Mount Sinai St. Luke's & Mount Sinai West Hospitals, New York, NY.
New York University School of Medicine, New York, NY.
Prog Cardiovasc Dis. 2016 Nov-Dec;59(3):253-261. doi: 10.1016/j.pcad.2016.10.002. Epub 2016 Oct 21.
The renin-angiotensin-aldosterone system (RAAS) plays a pivotal role in the pathogenesis of hypertension (HTN). Angiotensin-converting enzyme inhibitors (ACEIs) and angiotensin II receptor blockers (ARBs) are first line anti-HTN drug classes that are potent, effective and largely safe. Direct renin inhibitors (DRIs) have shown similar blood pressure (BP) reduction but more side effects. The efficacy of ACEIs and ARBs (for cardiovascular, cerebrovascular and renal protection) has been promoted to extend beyond what could be explained by BP reduction alone. In the current review, we will briefly discuss the (1) pathophysiology of renin-angiotensin-aldosterone system (RAAS) system, (2) clinical evidence for ACEIs, ARBs and DRIs in HTN, (3) comparison of ACEIs vs. ARBs and combination therapy, (4) role of RAAS inhibitors in specific patient populations, (5) safety profile of RAAS inhibitors, and (6) guideline recommendations and future perspectives. Closer scrutiny of outcome data shows little, if any, evidence that the efficacy of RAAS blockers in HTN extends beyond BP reduction.

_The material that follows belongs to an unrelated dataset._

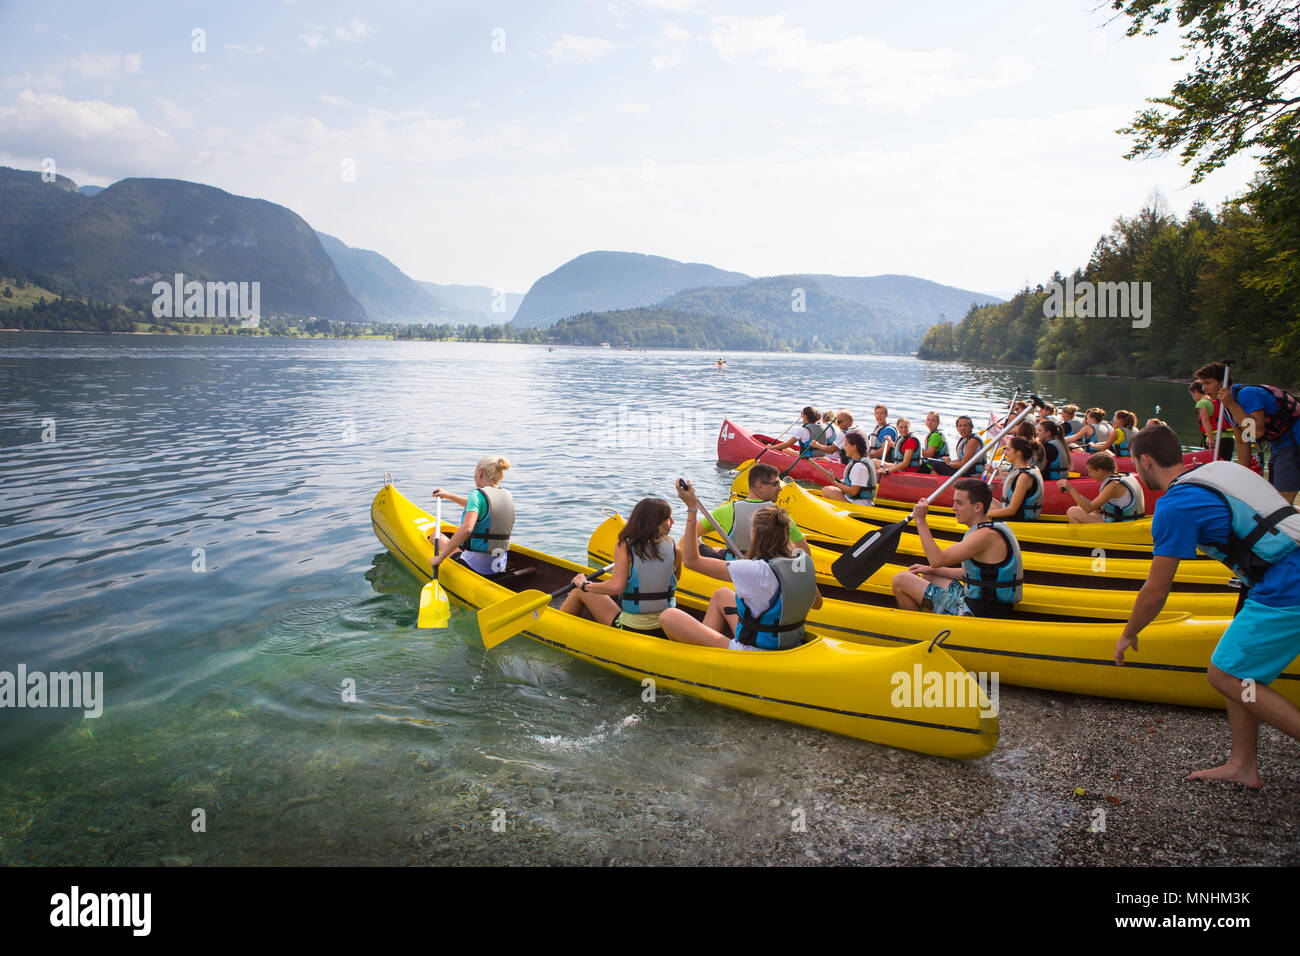 Young adults of school class are entering water of lake Bohinj with canoes, largest permanent lake located in Bohinj Valley of Julian Alps, Triglav National Park, Slovenia Stock Photo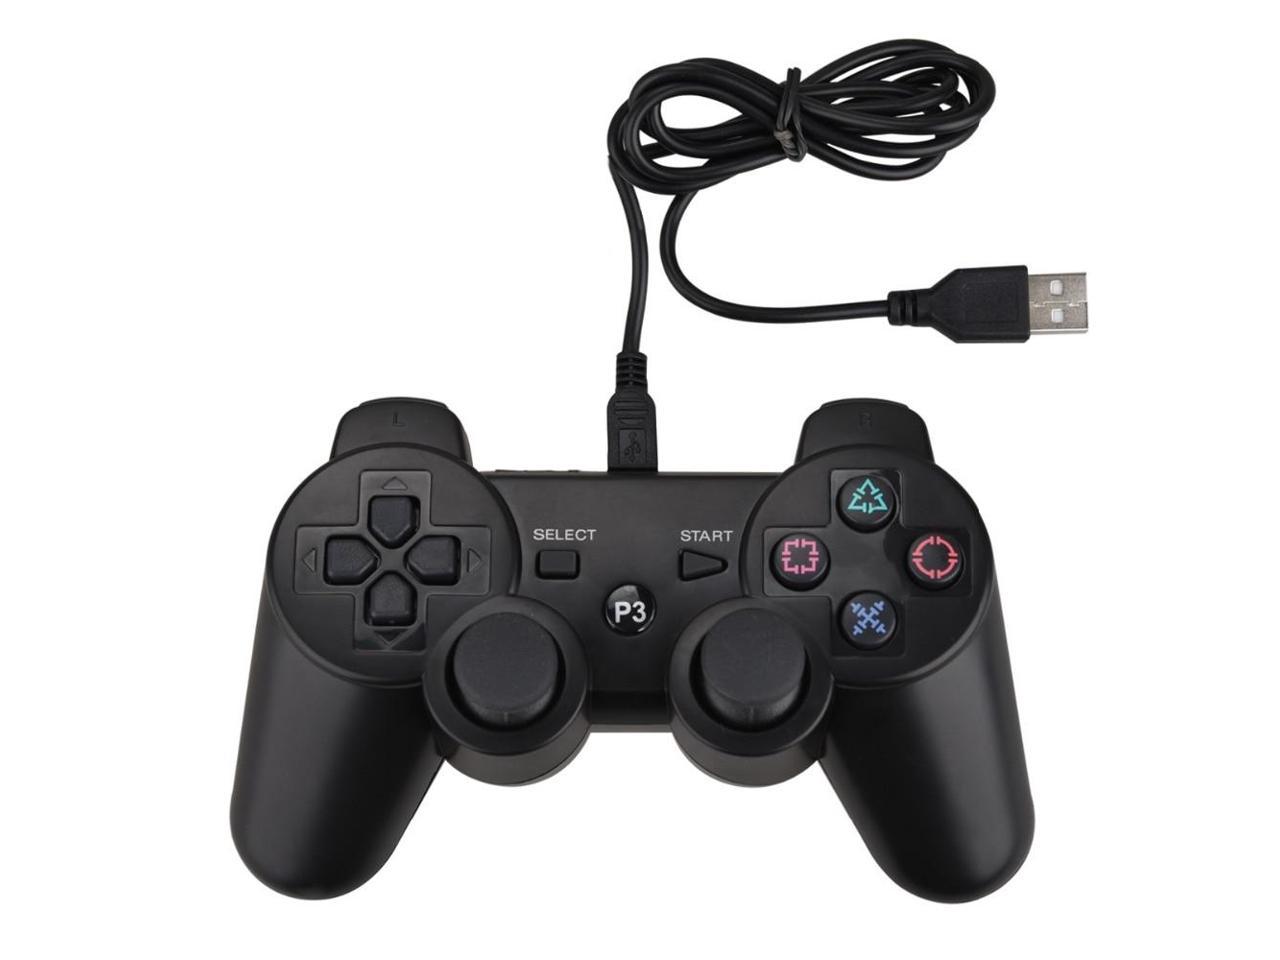 For PS3 USB Wired Gamepad Controller Playstation 3 Console For PS3 For Dualshock Gamepad Joystick USB Wired Gamepad

肾素-血管紧张素-醛固酮系统(RAAS)在高血压(HTN)的发病机制中起着关键作用。血管紧张素转换酶抑制剂(ACEIs)和血管紧张素 II 受体阻滞剂(ARBs)是一线抗高血压药物,具有强大、有效且基本安全的特点。直接肾素抑制剂(DRIs)已显示出类似的血压(BP)降低作用,但副作用更多。ACEIs 和 ARBs(用于心血管、脑血管和肾脏保护)的疗效已被推广到超出仅通过降低血压所能解释的范围。在本次综述中,我们将简要讨论(1)肾素-血管紧张素-醛固酮系统(RAAS)的病理生理学,(2)ACEIs、ARBs 和 DRIs 在 HTN 中的临床证据,(3)ACEIs 与 ARBs 及联合治疗的比较,(4)RAAS 抑制剂在特定患者人群中的作用,(5)RAAS 抑制剂的安全性概况,以及(6)指南建议和未来展望。对结果数据的更仔细审查表明,RAAS 阻滞剂在 HTN 中的疗效是否超出降低血压几乎没有证据。